894 F.2d 987, 30 Fed. R. Serv. 260, 1990 U.S. App. LEXIS 793, 1990 WL 4028
CourtCourt of Appeals for the Eighth Circuit
DecidedJanuary 24, 1990
Docket89-5096
StatusPublished
Cited by15 cases

This text of 894 F.2d 987 (United States v. Daniel K. Conners) is published on Counsel Stack Legal Research, covering Court of Appeals for the Eighth Circuit primary law. Counsel Stack provides free access to over 12 million legal documents including statutes, case law, regulations, and constitutions.

Bluebook
United States v. Daniel K. Conners, 894 F.2d 987, 30 Fed. R. Serv. 260, 1990 U.S. App. LEXIS 793, 1990 WL 4028 (8th Cir. 1990).

Opinion

*989 JOHN R. GIBSON, Circuit Judge.

Daniel K. Conners appeals from his convictions for three counts of wire fraud under 18 U.S.C. § 1343 (1982), four counts of embezzlement of bank funds in violation of 18 U.S.C. § 656 (1982), and four counts of making false entries in bank records in violation of 18 U.S.C. § 1005 (1982). Con-ners had acquired control of the Peoples State Bank of Mazeppa and the government charged that his fraudulent activities caused the bank to lose $5.8 million and led to the bank’s insolvency, which required the Federal Deposit Insurance Corporation to cover the loss. On appeal, Conners argues that the district court 1 erred by not properly instructing the jury on his good faith defense and his theory of defense, not ordering sequestration of a government witness, and not excluding certain evidence of other crimes. He claims that the court denied him due process by limiting his cross-examination of government witnesses, and that he was prejudiced by the jury’s exposure to extraneous information. Finally, Conners asserts that the evidence was insufficient to sustain his convictions, and that charging him with both embezzlement and making false entries was duplicitous. For the reasons discussed below, we affirm the judgment of the district court.

During the mid-1980’s, Conners was actively involved in numerous business ventures. He worked as a stock broker while searching for businesses he could buy on a leveraged basis. He was able to acquire the Kloster-Madsen Construction Company in Bloomington, Minnesota, as well as many other businesses. In describing his business activities, Conners states in his brief that he “moved rapidly from one project to another with great enthusiasm but scant attention to detail and paperwork.” (Appellant’s Brief at 3).

Conners became interested in buying and selling loan packages at a profit and believed that owning a financial institution would aid him in this endeavor. He hired others to identify potential purchases and, after negotiations to purchase one bank had failed, he succeeded in becoming the majority shareholder of the Mazeppa Bank. In his brief, Conners admits that, at that point, he “had no banking experience whatsoever but intended to learn as he went along.” (Appellant’s Brief at 4).

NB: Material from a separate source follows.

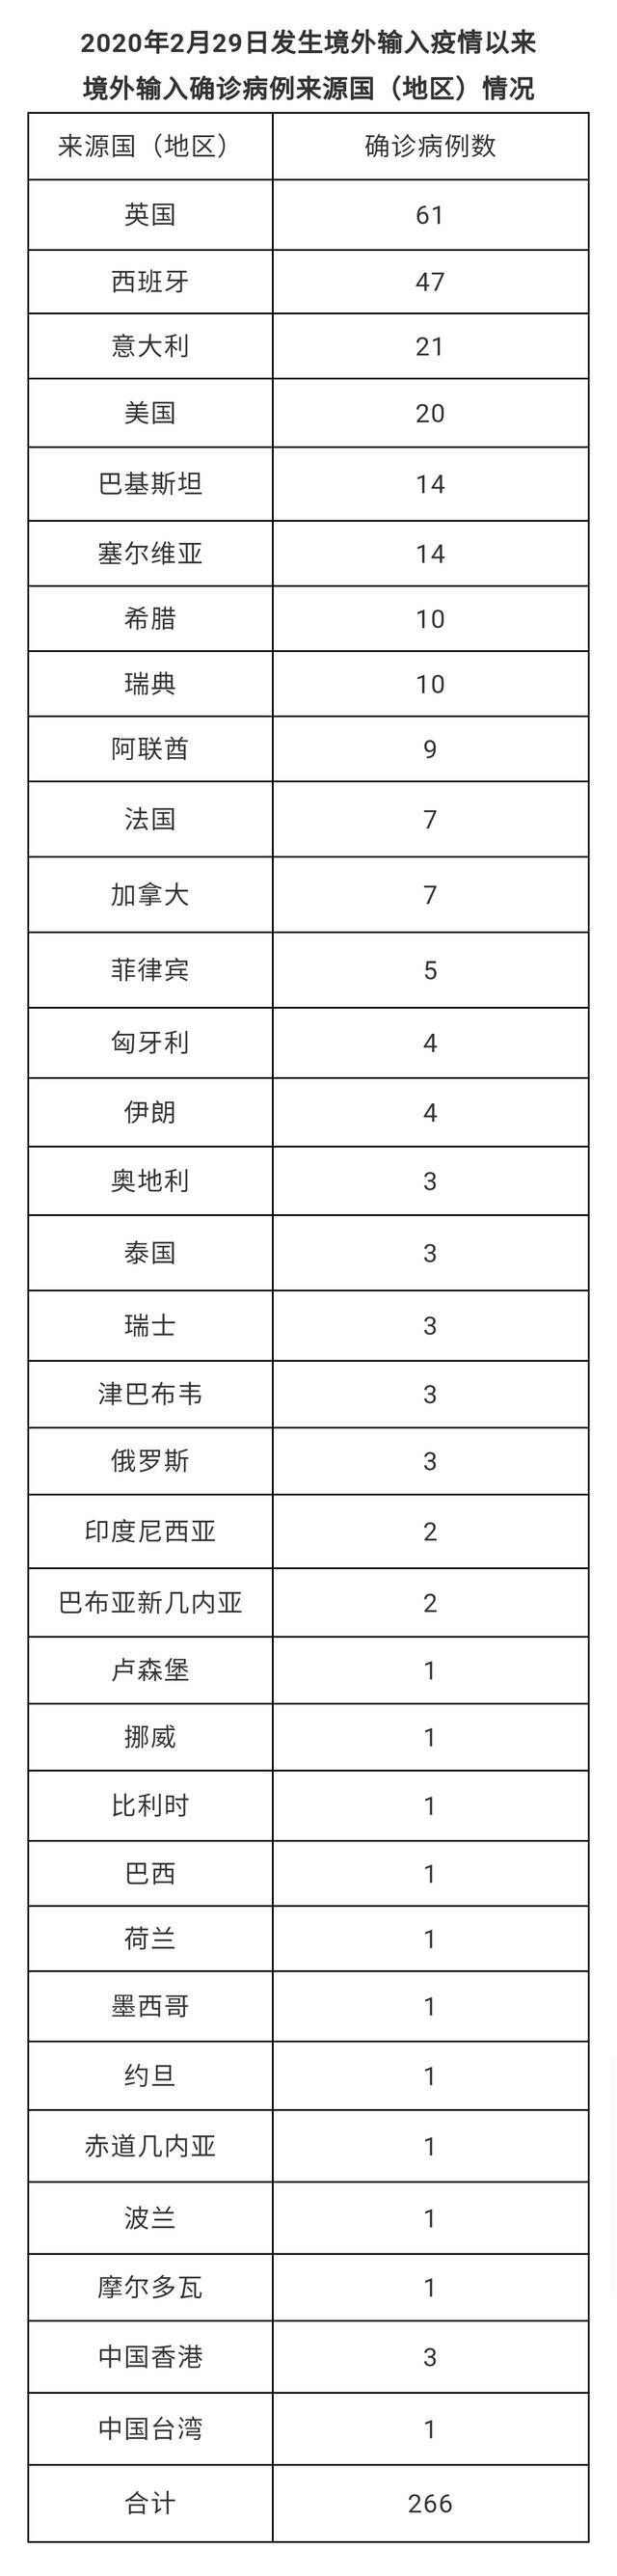 北京8月13日无新增新冠肺炎确诊病例 新增1例境外输入无症状感染者 治愈出院1例

After taking over the Mazeppa Bank, Conners engaged in a series of complex financial transactions which, he claims, were supposed to increase the funds held on deposit in order to lend those funds at profitable interest rates.

Conners first used deposit brokers to increase the funds held on deposit at the Mazeppa Bank and then arranged for the bank to buy loan packages from a corporation owned by Conners, American Guaranty Title and Escrow Company, in five transactions. At Conners’ request, James High-tower, a Texas businessman, had agreed to locate and purchase pools of loans held by Texas banks and then sell these loan packages to American Guaranty. Toward this end, Hightower purchased loans for five cents on the dollar from Texas banks. The Texas banks had already charged off most of these loans as uncollectible. American Guaranty then resold the loan packages to the Mazeppa Bank for 100 cents on the dollar.

American Guaranty used the money raised from sale of the loan packages to invest in real estate and to make loans to Conners’ businesses, primarily Kloster-Madsen. Conners also embezzled funds to repay debts he had incurred by borrowing against a warehouse line of credit at First National Bank of Minneapolis. In addition, Mazeppa Bank funds were used to buy the “Isle of Happy Days” Resort in Cedar Lake, Wisconsin. There is conflicting evidence as to whether the resort was bought for Conners’ personal use or as a business acquisition.

The FDIC audited the Mazeppa Bank, and its examiners criticized the transactions between the bank and American Guaranty, particularly since the loan files *990 were not on bank premises. In response, Conners agreed to arrange for the repurchase of the loan packages from the bank. His plan was to have another bank which he owned, the Greeley Industrial Bank of Greeley, Colorado, buy the loan packages from the Mazeppa Bank. He intended to accomplish this by using a deposit broker to increase deposits at the Mazeppa Bank and then transferring that money to the Greeley bank to fund the purchases.

When Conners realized that his plan was doomed to failure because the Mazeppa Bank would have a large depository liability and no significant income-producing assets, he disclosed his activities to the Minnesota Department of Commerce and resigned from his office as president of the Mazeppa Bank. He was subsequently charged with wire fraud, embezzlement, and making false entries in bank records.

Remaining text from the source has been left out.